RIAs are weary after a first quarter that included the sudden rise of a pandemic and the fastest-ever bear market. Clients and portfolios required as much attention as ever and, like many, financial advisors were acclimating to working from home, under order or as a precaution.
On top of all that, asset-based fee revenue at wealth managers plunged this quarter, which could mean drastically lower compensation and even cost-cutting. (Revenue typically falls two-thirds of the broader market’s decline.)
Now, consultants face embattled RIAs that are pivoting their businesses, haggling over fees, and preparing themselves for the remainder of an opaque year. Their carts are attached to the proverbial RIA horse, no matter where it’s headed.
Marie Swift, the president and CEO of Impact Communications, remains positive about her company’s long-term future. The family-owned and operated consultant to wealth managers was founded 27 years ago and has weathered a variety of market downturns. But she does not look back fondly on those periods. During the global financial crisis in 2008 “we were really rattled and scared,” Swift told RIA Intel.
“Many of our advisory firm clients begged to get out of their contracts and some of our larger institutional clients asked us to modify our agreements as a way to keep everyone afloat during those challenging days. I expect the same will be true over the coming days as we all try to digest what the impact of the current situation is for all of our businesses,” Swift said.
Three clients have already approached Impact Communications about renegotiating the retainer fee they pay, a relatively positive sign, according to Swift. Unlike during the last bear market, instead of calling and wanting to end the business relationship, clients are interested in potentially scaling back how much they spend and focusing marketing efforts on more timely, relevant projects. She did not share which clients sought to renegotiate.
Firms like Impact often manage or advise on a long list of services including internal and external communications, website design and management, advertising, and other duties.
“I think everybody is just adjusting to the new normal. And we’re finding common ground,” Swift said.
RIAs have also recognized that the frequency, methods, and nature of their communication needs to evolve during the pandemic, which has generated new business inquiries, including two new clients starting in the coming weeks, Swift said.
Others are making similar adjustments. For example, Absolute Engagement, a Toronto-based communications consultant that works with wealth managers across North America, created an entire new program for current and prospective clients just this quarter. “My personal view is that even though the investment advice that advisors provide may not change in a crisis, their communications strategies must,” Julie Littlechild, founder and CEO of Absolute Engagement, said in a note.
Still, like RIAs, Impact has adjusted its expectations since 2020 began. At the start of the year, Swift thought she would need to hire people to meet demands (the consultant currently employs 12).
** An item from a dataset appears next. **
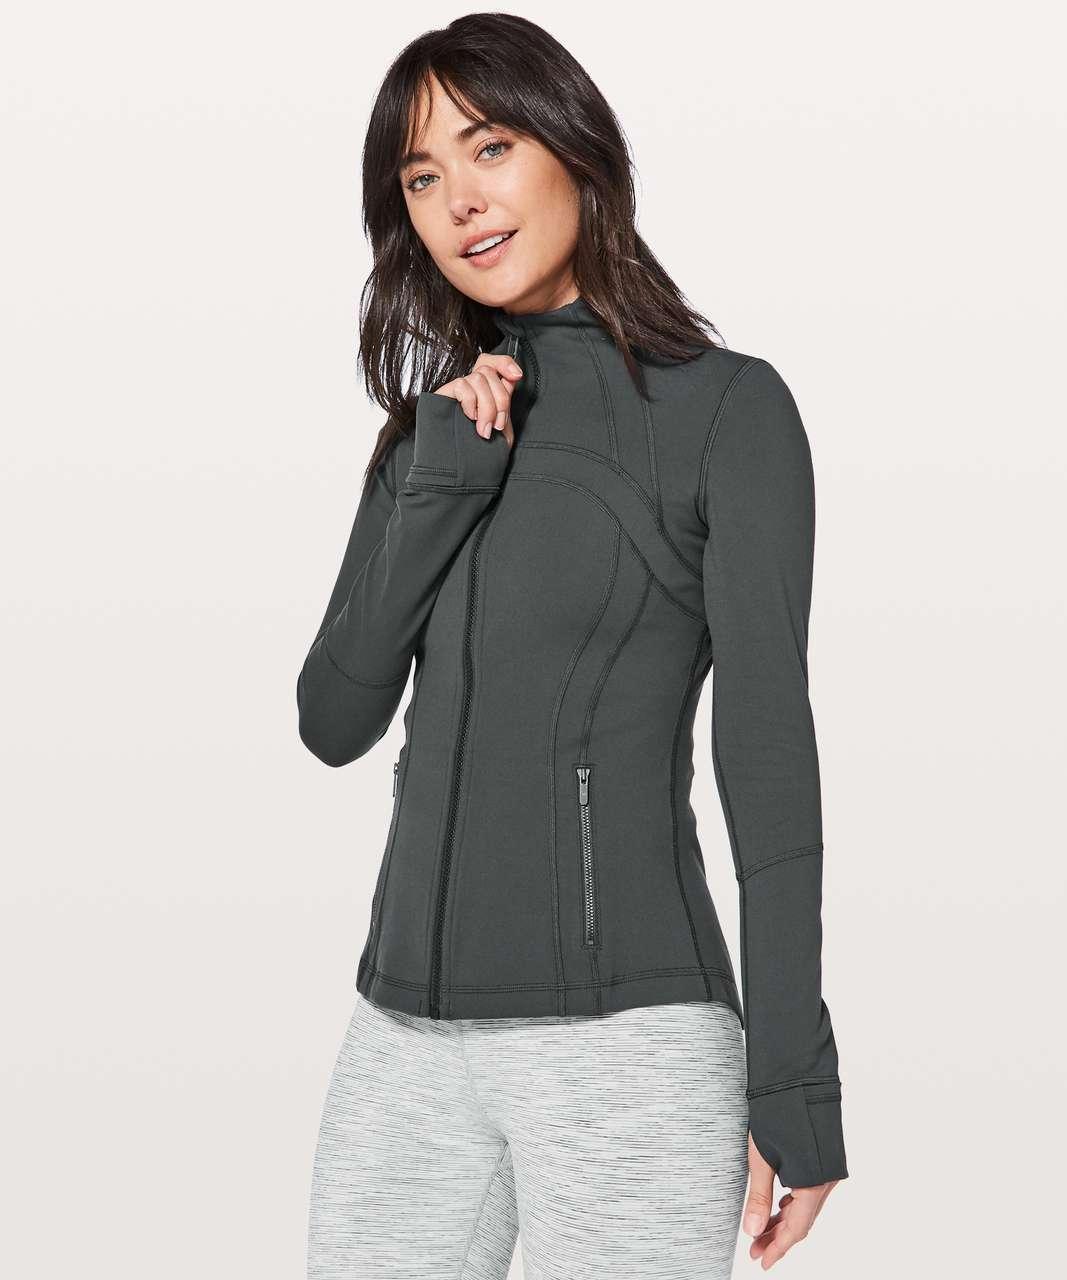 lulu lemon define jacket

That might not happen now. “It was looking like it was going to be a banner year for Impact.”
But the realities of the pandemic and market fallout are settling in. More work for consultants similar to Impact is likely to be project-based, making their own revenue forecasting more challenging, at least in the near future.
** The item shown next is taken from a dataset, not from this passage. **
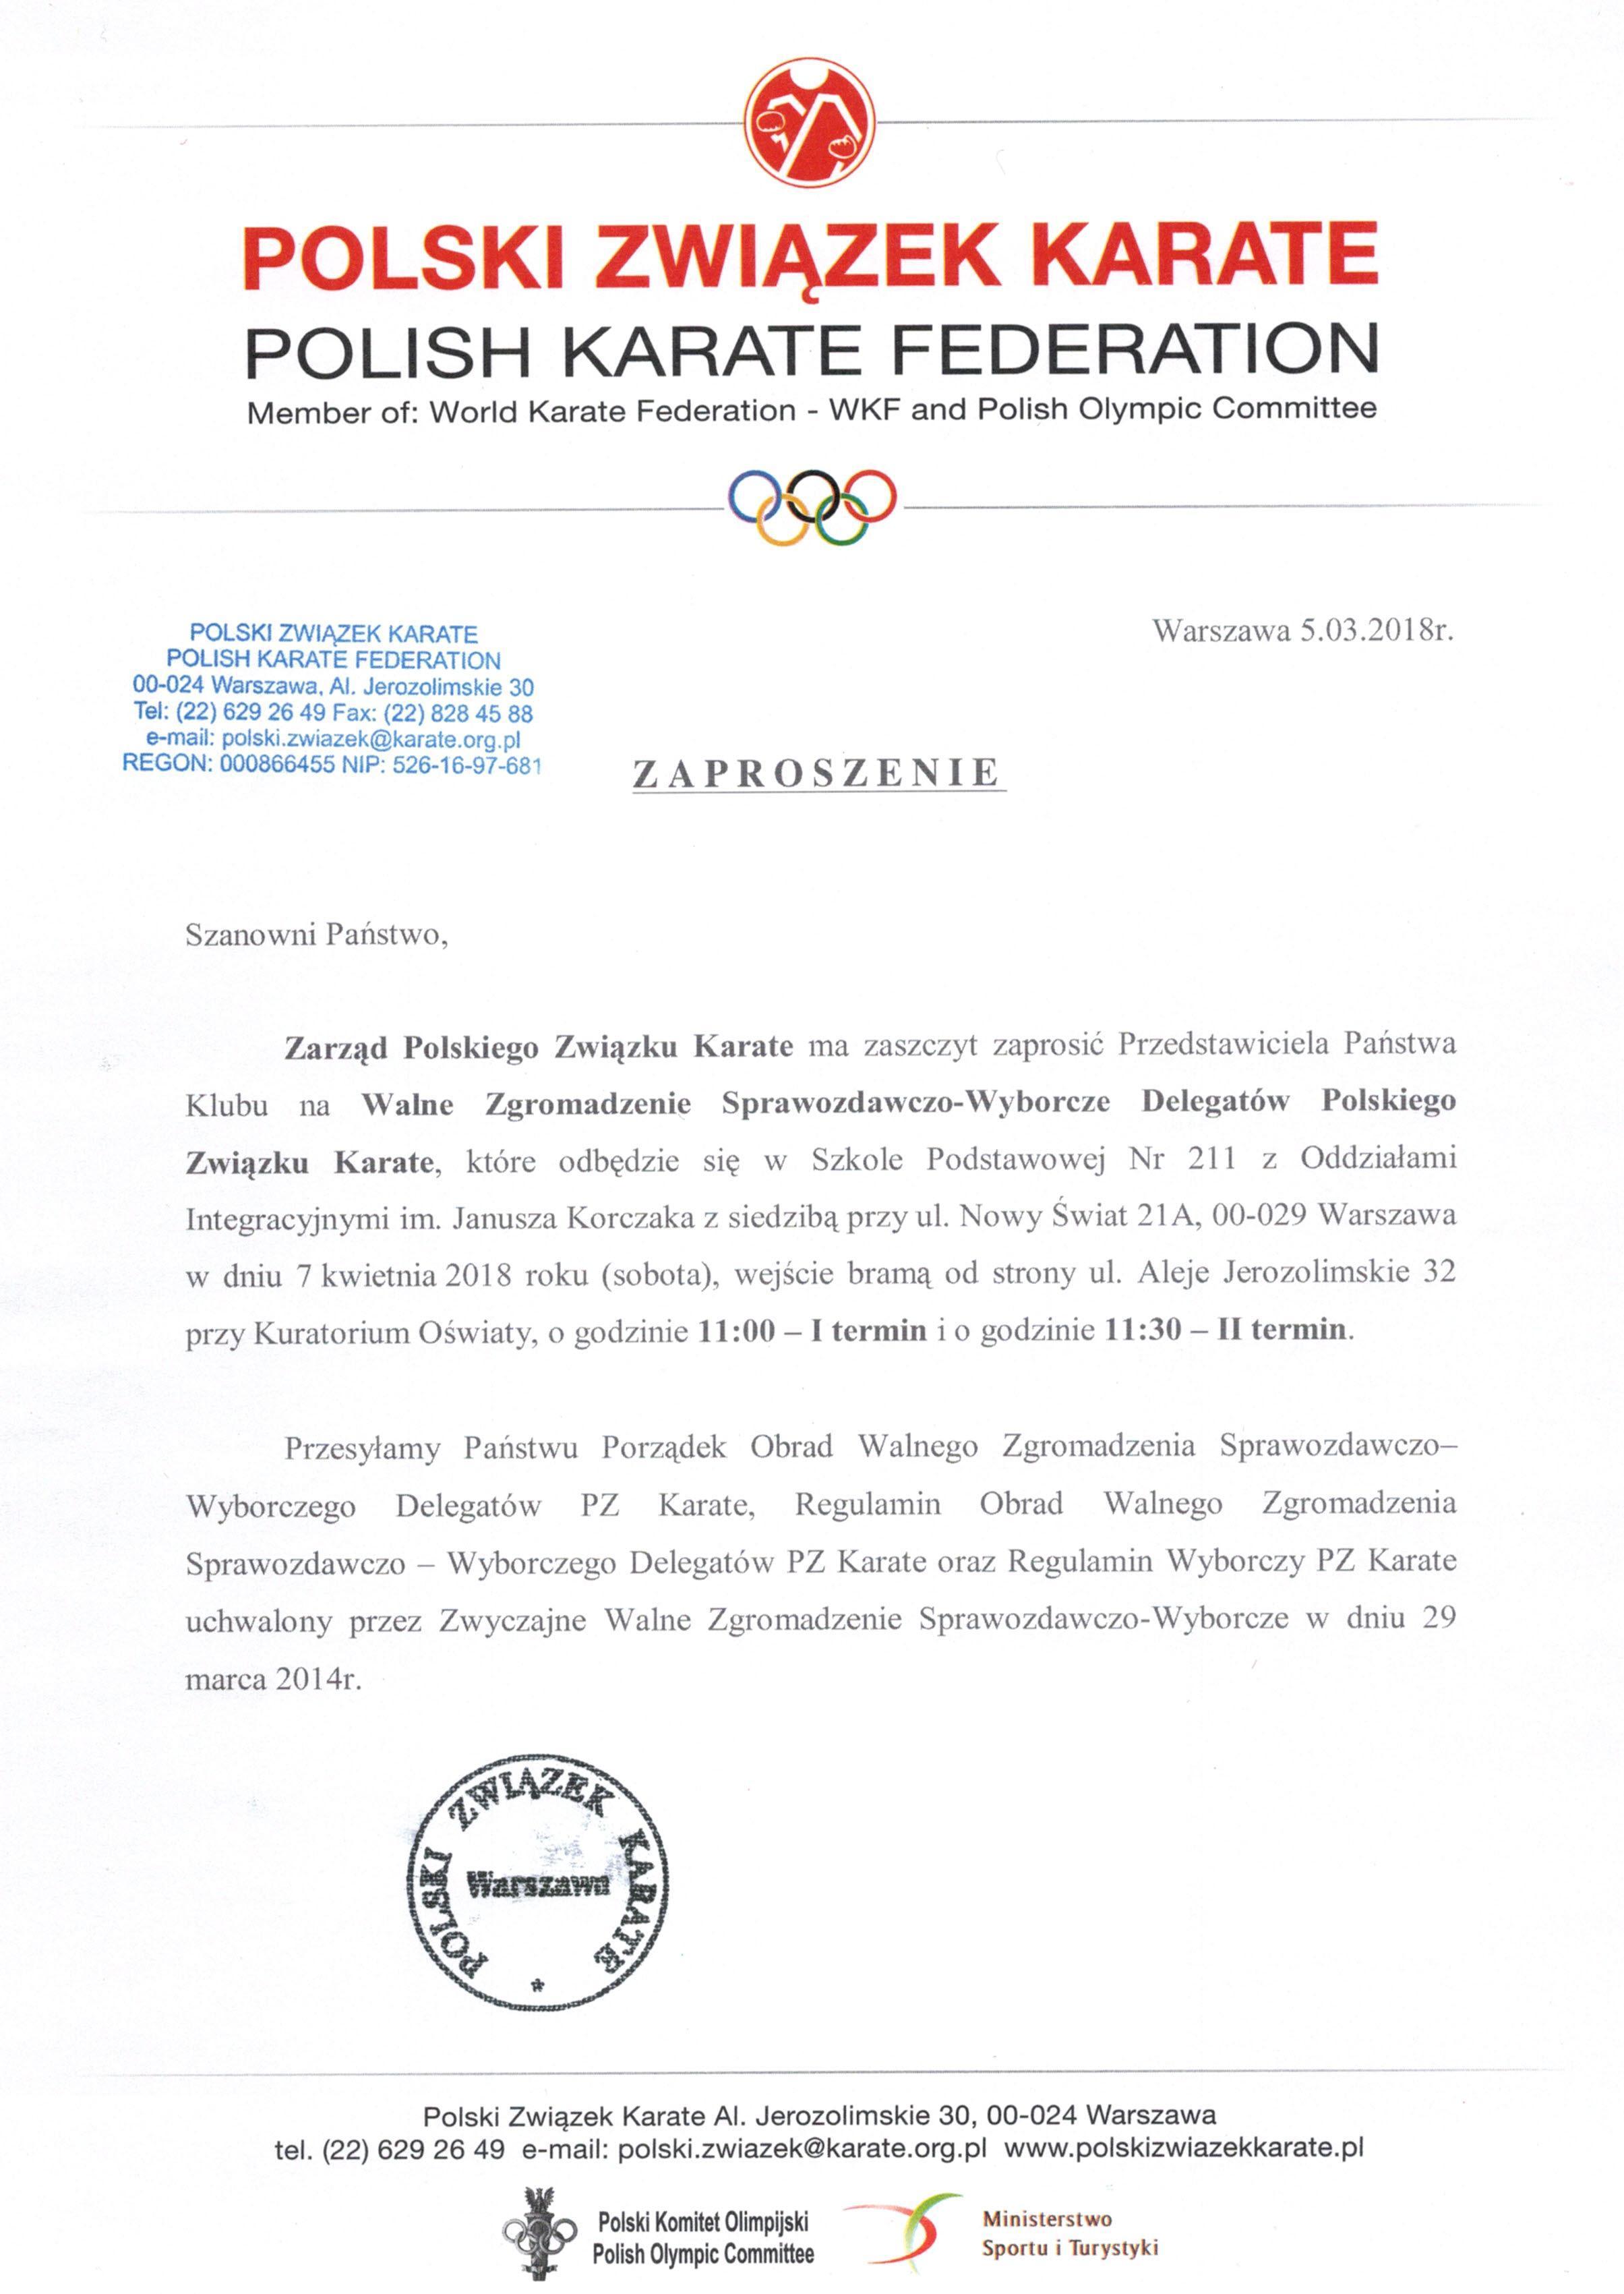 Polski Związek Karate Kiona Archiwum Zaproszenie Na Walne

At FiComm Partners, a communications and consulting firm to wealth and asset managers, the market’s downturn has already affected what it works with clients on and how but it is not expected to significantly impact its revenue, Megan Carpenter, co-founder and CEO of FiComm, said. Her company works with 30 clients and has 15 employees based in Los Angeles and New York City.
Like FiComm’s clients, Carpenter said she is assessing her business every day and trying not to over or underreact. “It’s really just about when that time comes, when it feels like there is a more clear future, how are you going to reset your business plan? For us, it’s an opportunity to innovate and that’s what we’re doing.”
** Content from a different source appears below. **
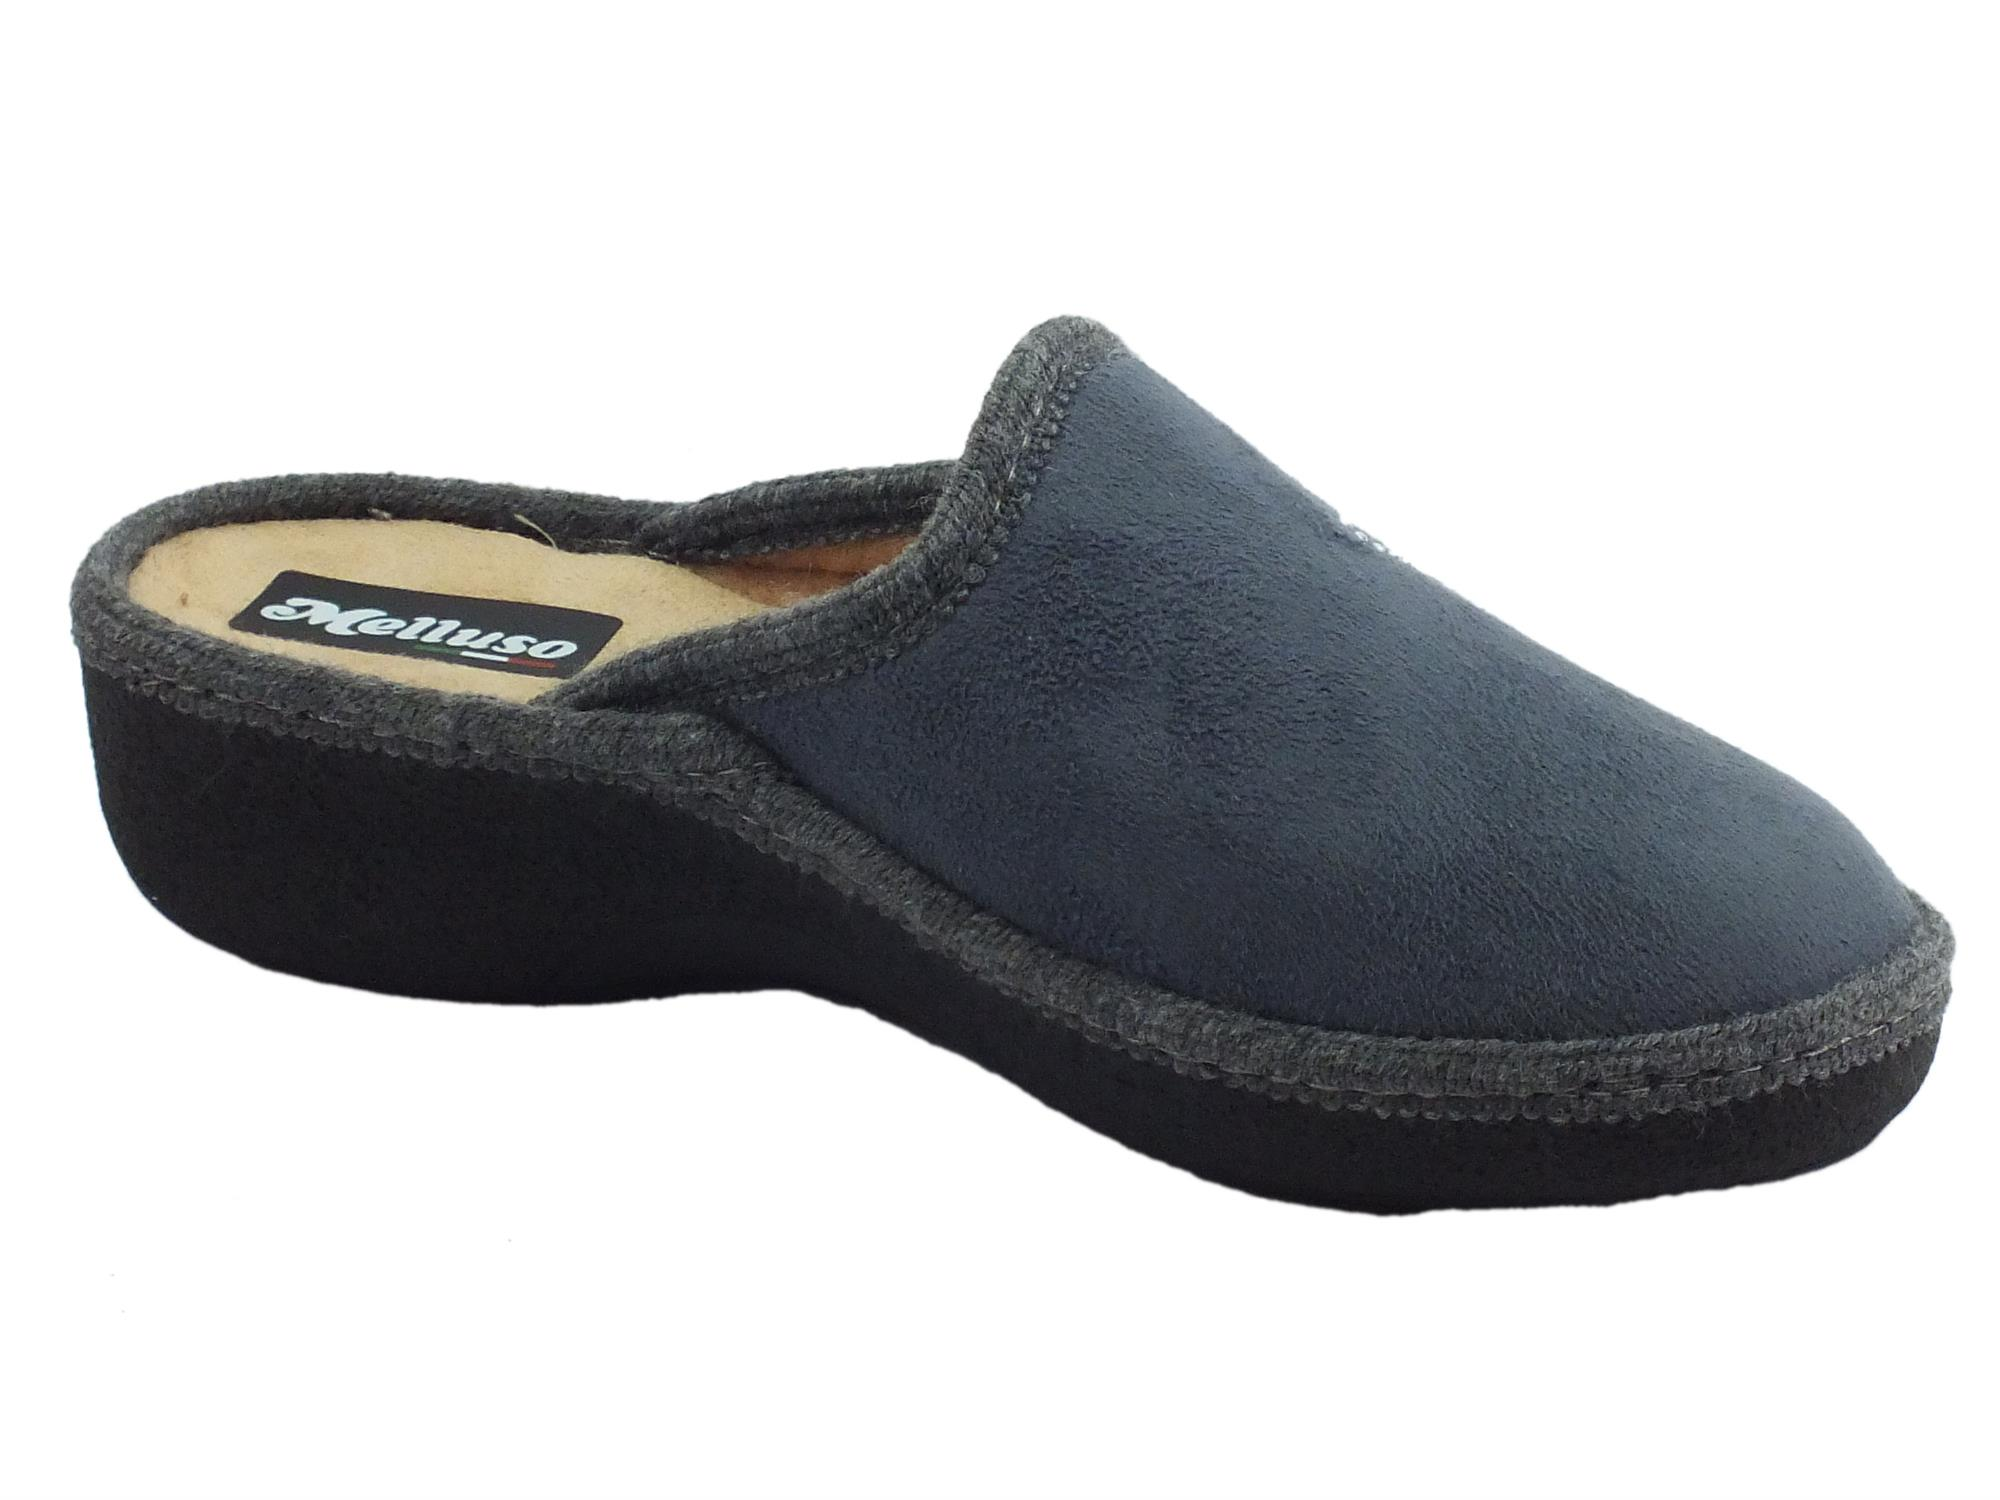 Pantofole Melluso donna tessuto grigio beige - Vitiello Calzature 01eb61e8949

If the down market persists into the coming quarters, or beyond, and RIAs spend less on marketing, that could mean changes at FiComm. That’s a possibility. UBS Global Wealth Management said in a note Wednesday it expects a “U-shaped” economic recovery that could turn a positive corner sometime between the third quarter of 2020 and the first of 2021.
RIAs already spending money on marketing (most only spend about 2% of revenue) probably won’t pull the plug entirely, according to Carpenter. However, if revenue is down over a long period, smaller dollar amounts could take their toll. “Of course, that will impact businesses like FiComm. I just don’t think it would in a way that is materially detrimental to our future success.”
A near-term worry for both RIAs and consultants is cash on hand.
Succession Resource Group, a financial consultant to wealth managers, is hosting a webinar on an uncommon topic April 3 titled “Coronavirus Emergency Funding for Advisors - How to Manage Cash Flow.”
“One of the more significant impacts to service providers is not necessarily going to be demand, it’s going to be cash flow. Are advisors going to pay their bills on time? That’s what businesses across the country are dealing with. Our forecast looks fine but it’s all a matter of accounts receivable,” Carpenter said.
All the companies RIA Intel spoke with said the pandemic and market downturn have also led to new business inquiries, which they said was encouraging and indicative of their futures, recession or not.
“As long as the overall wealth management business doesn’t collapse, then the people who rely on that will continue to thrive,” Ray Hennessey, president of JConnelly, a public relations agency, said.